## Information provided:

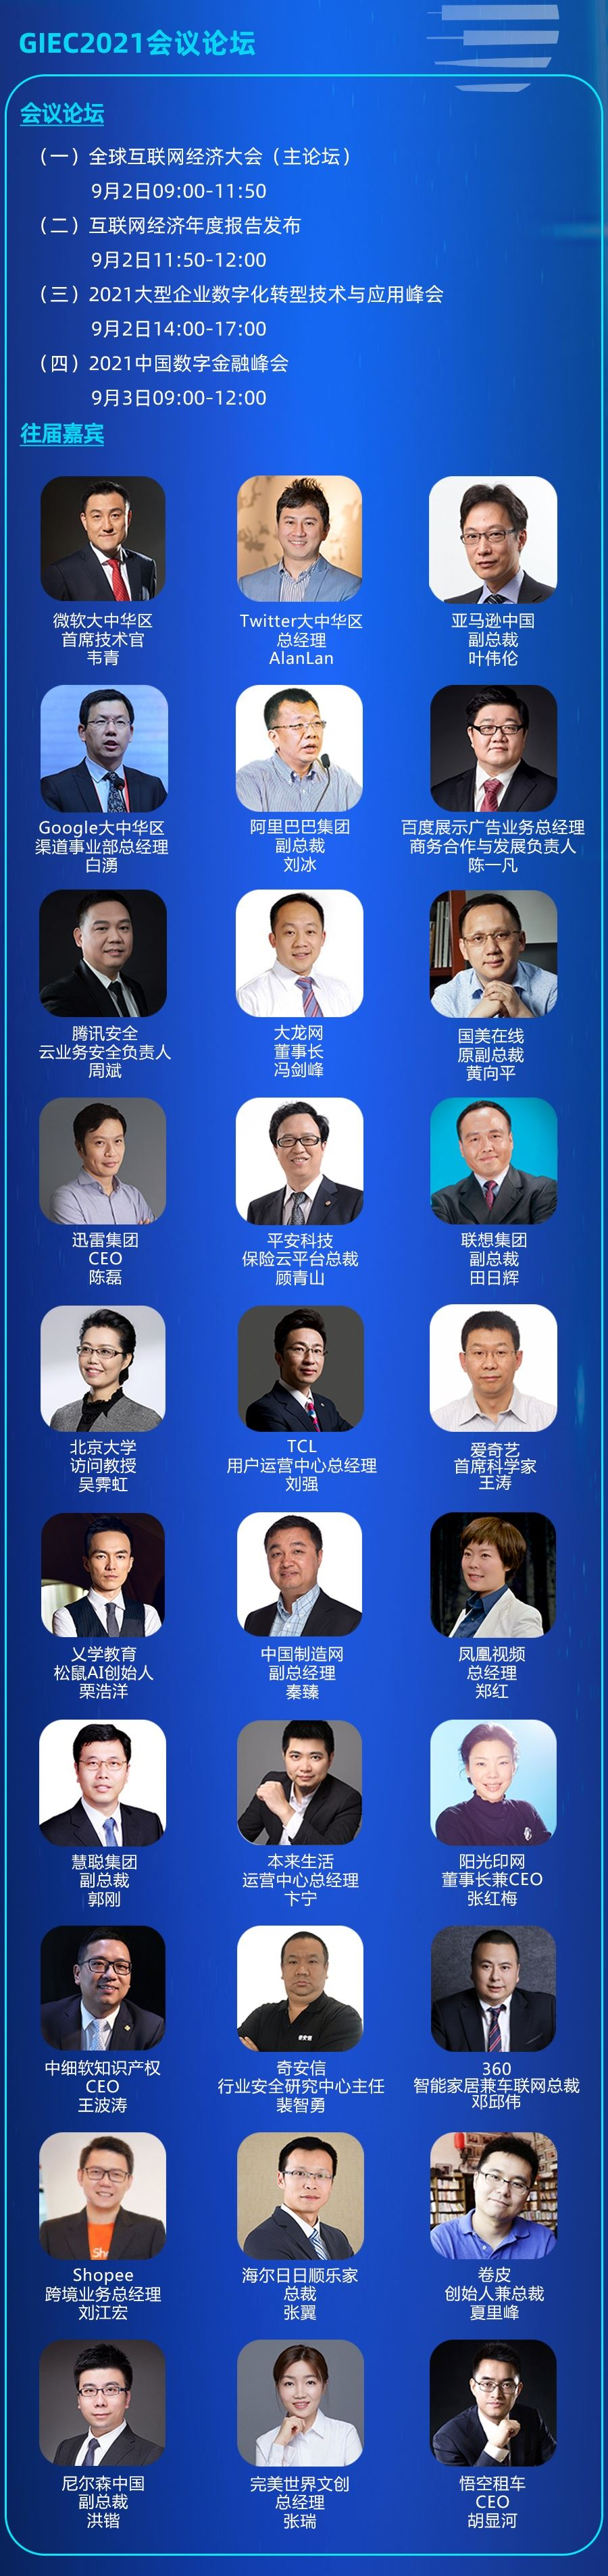 2021第七届全球互联网经济大会3.jpg
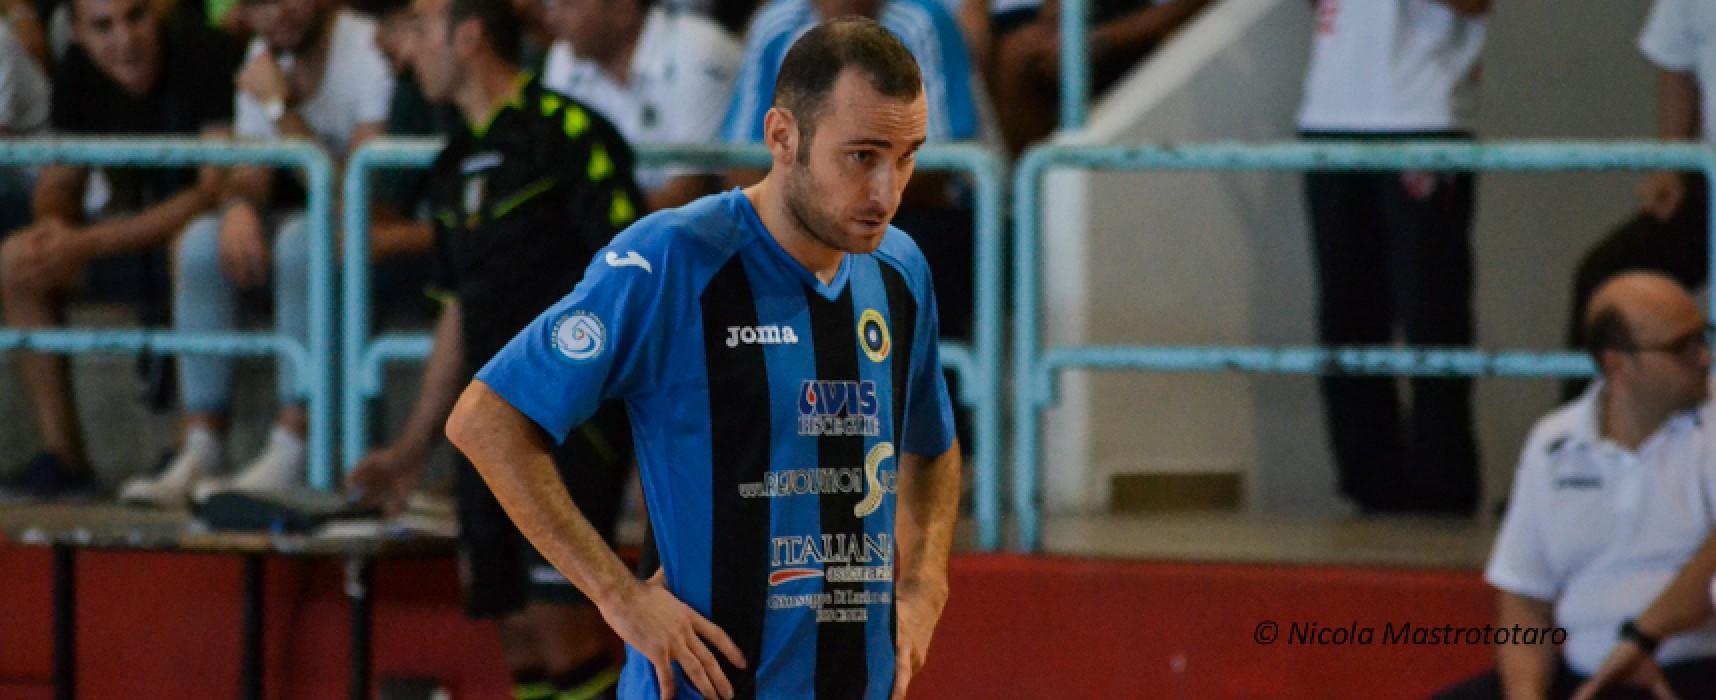 Futsal Bisceglie, primato mantenuto dopo il 4-1 all'Isernia
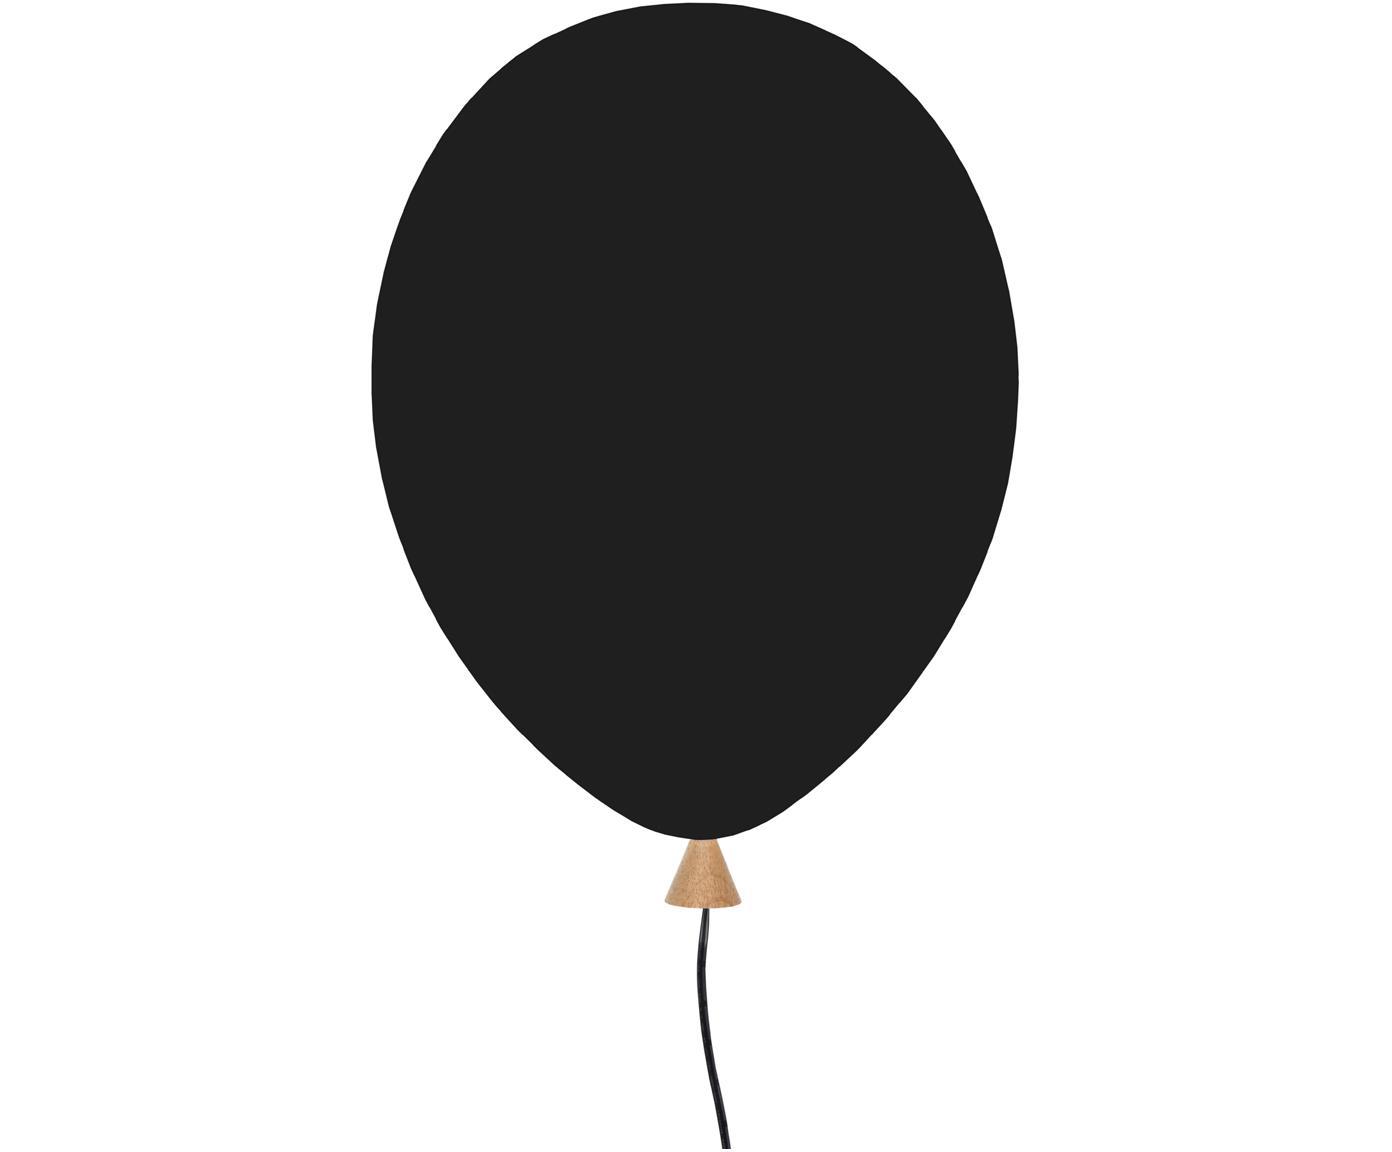 Wandlamp Balloon met stekker, Lampenkap: gecoat hout, Zwart, 25 x 35 cm
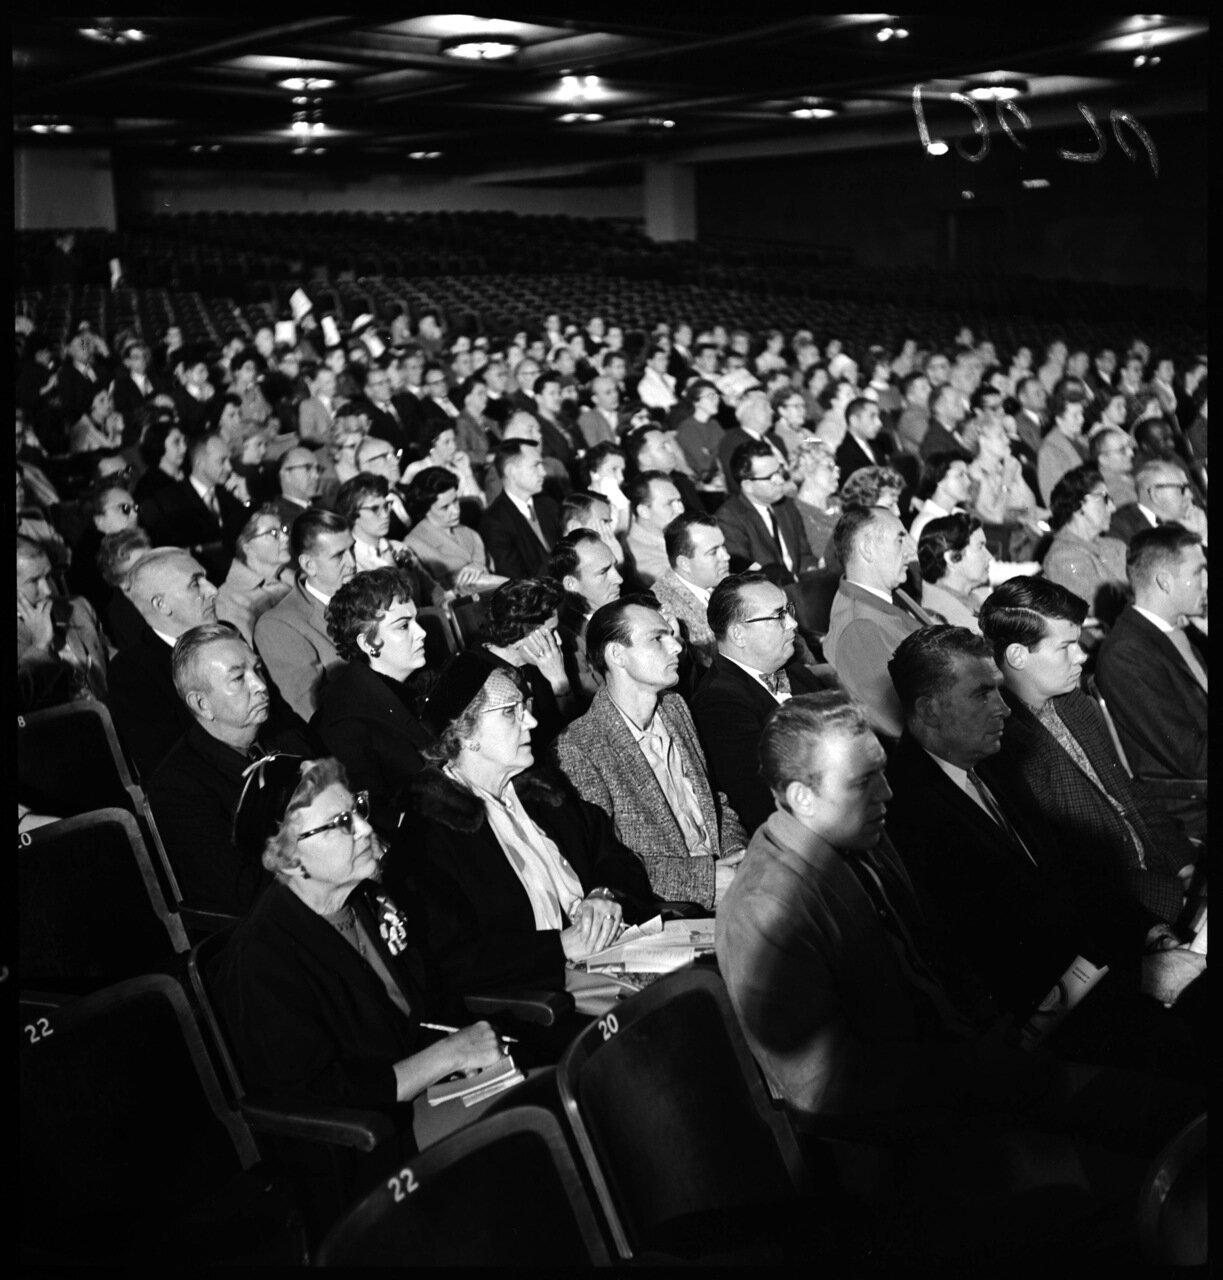 1961.12 декабря. Проект Тревога (антикоммунистическая конференция). Участники конференции

## Problem description:
Now repeat exactly the lines from the one with "Futsal Bisceglie, primato" through the end of the listing above, both included, omitting all pictures.

## Finished task:
 Futsal Bisceglie, primato mantenuto dopo il 4-1 all'Isernia
 Wandlamp Balloon met stekker, Lampenkap: gecoat hout, Zwart, 25 x 35 cm
 1961.12 декабря. Проект Тревога (антикоммунистическая конференция). Участники конференции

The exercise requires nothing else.